# PIC..IS this kid polled??



## liz (Oct 5, 2007)

This is Tilly's doeling LilyBelle, she is 6 weeks old and has "brow bumps" but nothing poking thru, her sister Goldie has points thru the skin and her other sister who she is going to a new home with was dis budded because I think this doe is polled.

























I've NEVER had a polled kid born and though it is in Binky's, Chiefs, and Angels lines I NEVER EXPECTED THIS FROM THE TILLY/HANK BREEDING!


----------



## StaceyRosado (Oct 5, 2007)

I am 98% sure she is polled


----------



## Sweet Gum Minis (Oct 6, 2007)

Yes she's polled. At 6 weeks there should have been horns and the roundness of her head as well as the way the hair grows indicate she's polled.


----------



## Pheonix08 (Mar 9, 2008)

I would say definaltly since her hair does not swirl on the top of her head like horned babies does.


----------



## goatnutty (Oct 9, 2007)

I would say she is polled.


----------



## liz (Oct 5, 2007)

Thank You!
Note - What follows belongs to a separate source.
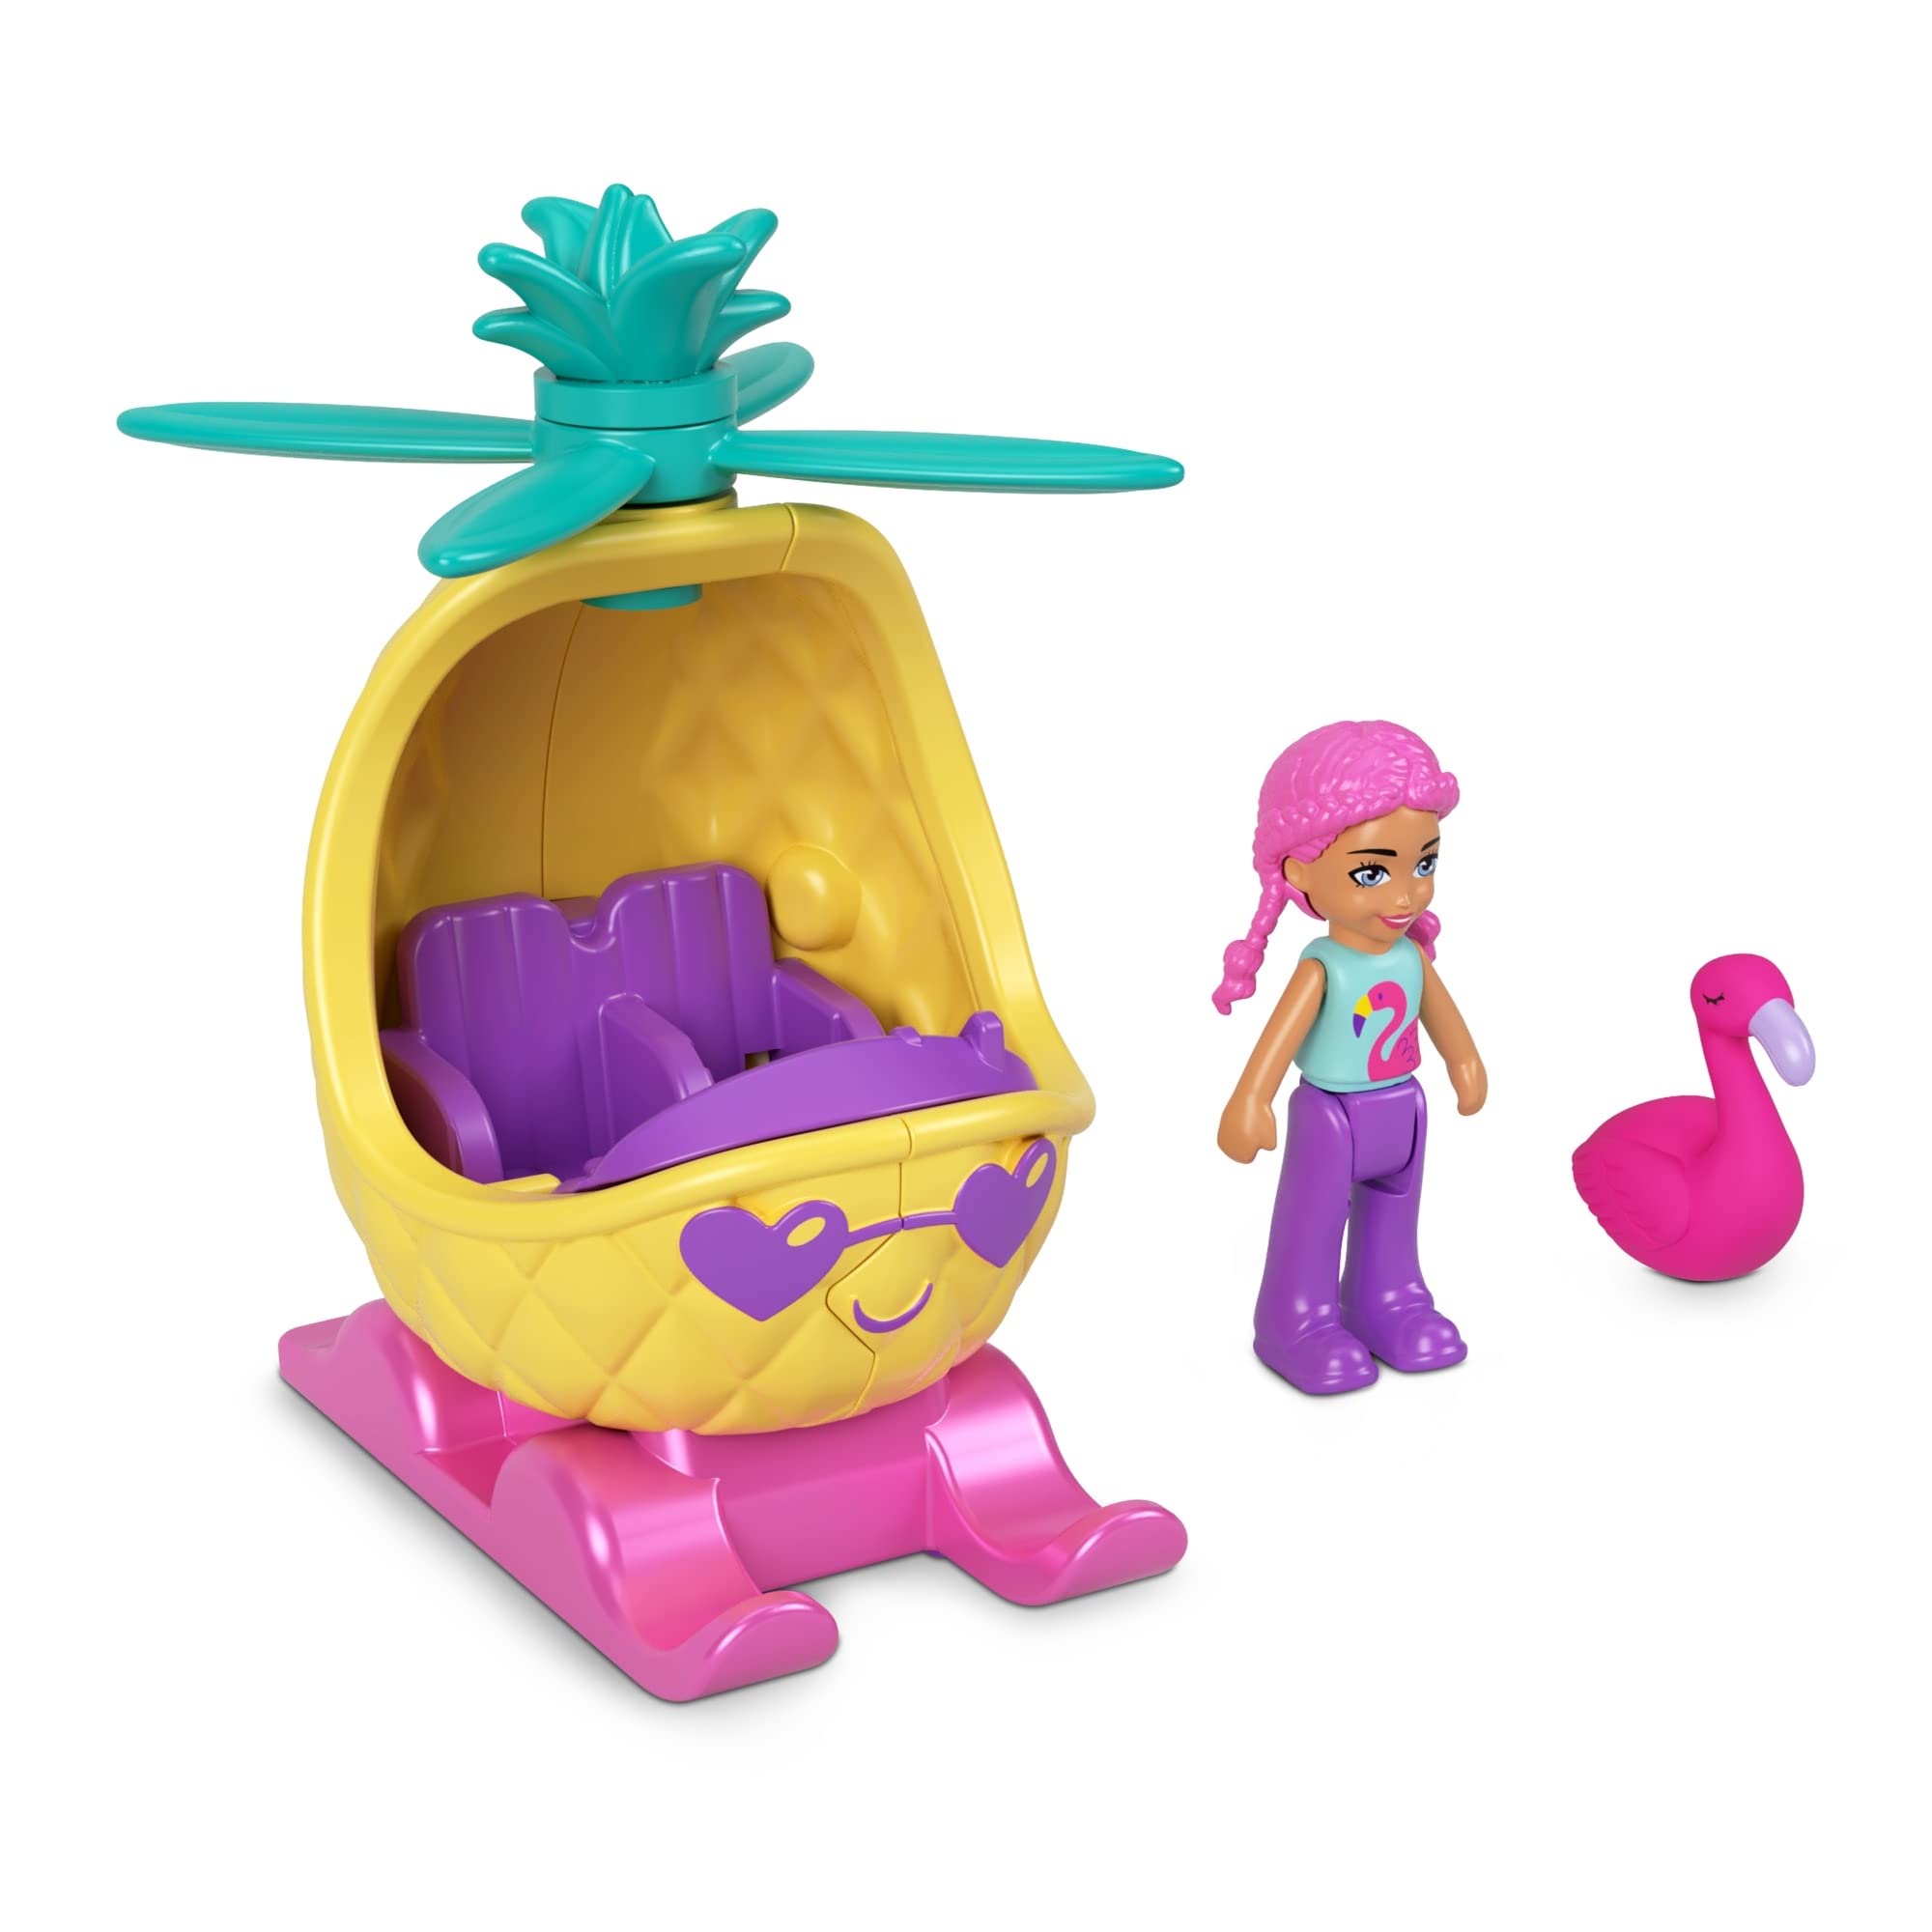 Polly Pocket Collectible Micro Mini Metal Vehicle, Poseable Doll and Pet Set - Polly's Friend Doll with Pineapple Helicopter and Hot Pink Flamingo Sidekick Playset

Now I won't feel so bad having had dinky lil' Delila disbudded. The breeder I took them to had said that if she didn't get "points" by 5 weeks then she was likely polled and her hair basically parts down the center and she doesn't have the "devlish" look her sister Goldie has! Now I know what to look for! Thanks again!....BTW...I have heard of "late bloomers" , but at 6 weeks I would have expected something to be there.


----------



## Sweet Gum Minis (Oct 6, 2007)

Isn't it wonderful not to have to disbud a baby??? I really hope our new doeling doesn't have to be disbudded!


----------



## liz (Oct 5, 2007)

It sure is! I love my goats having horns and this was my first experience with having to have kids dis budded I don't like it personally but if a kid is polled and going with a horned kid, I agree with the dis bud or if a potential buyer wants the kid disbudded I am now OK with it, just personally prefer the horns :lol:


----------



## goatnutty (Oct 9, 2007)

I think it's easier for the goats to keep their horns.I would say that it makes it harder to get stuck in the fence except that one day I went down to the barn and my goat was hanging by his leg in the fence.


----------



## liz (Oct 5, 2007)

I specifically went with the goat panels because I respected the fact that my goats have horns, no chance on getting ANYTHING stuck in these. I did make the mistake and got cattle feedlot panels because they were like 20 bucks cheaper...the kids fit thru them and the girls have no problem getting their heads in and out...but Hanks horns sort of flare out at the ends and can go thru but I've had to use bolt cutters to get him out! So I do think the horns can be a pain for those that don't wish to deal with them in the way a horned goat should be dealt with.I've not thot them a pain ever just have to be careful in my management and protection of them.


----------



## lacy_94 (Oct 7, 2007)

Out of my 5 goats only one is polled, the others have horns. :roll:


----------



## liz (Oct 5, 2007)

Does your polled goatie have "issues" with the horned ones? I only ask because I got my first reg. nigi last April and really almost thot twice about getting her because she was my first honless goat. Chief is dehorned and he and Hank live together, They all get along great even when Hank gets in a mood, Chief gives it right back with his baldy top! I chose to have Delilah disbudded because LilyBelle is polled and it seemed that this would "even" the odds for the girls if they chose to "fight" with each other, which I have been around 2 sisters that are horned and polled and I have seen how the horned one has the upper hand. Binky has actually taken to head butting with Angel, I think because her horns aren't as intimidating as Bootsies and Tilly's!


----------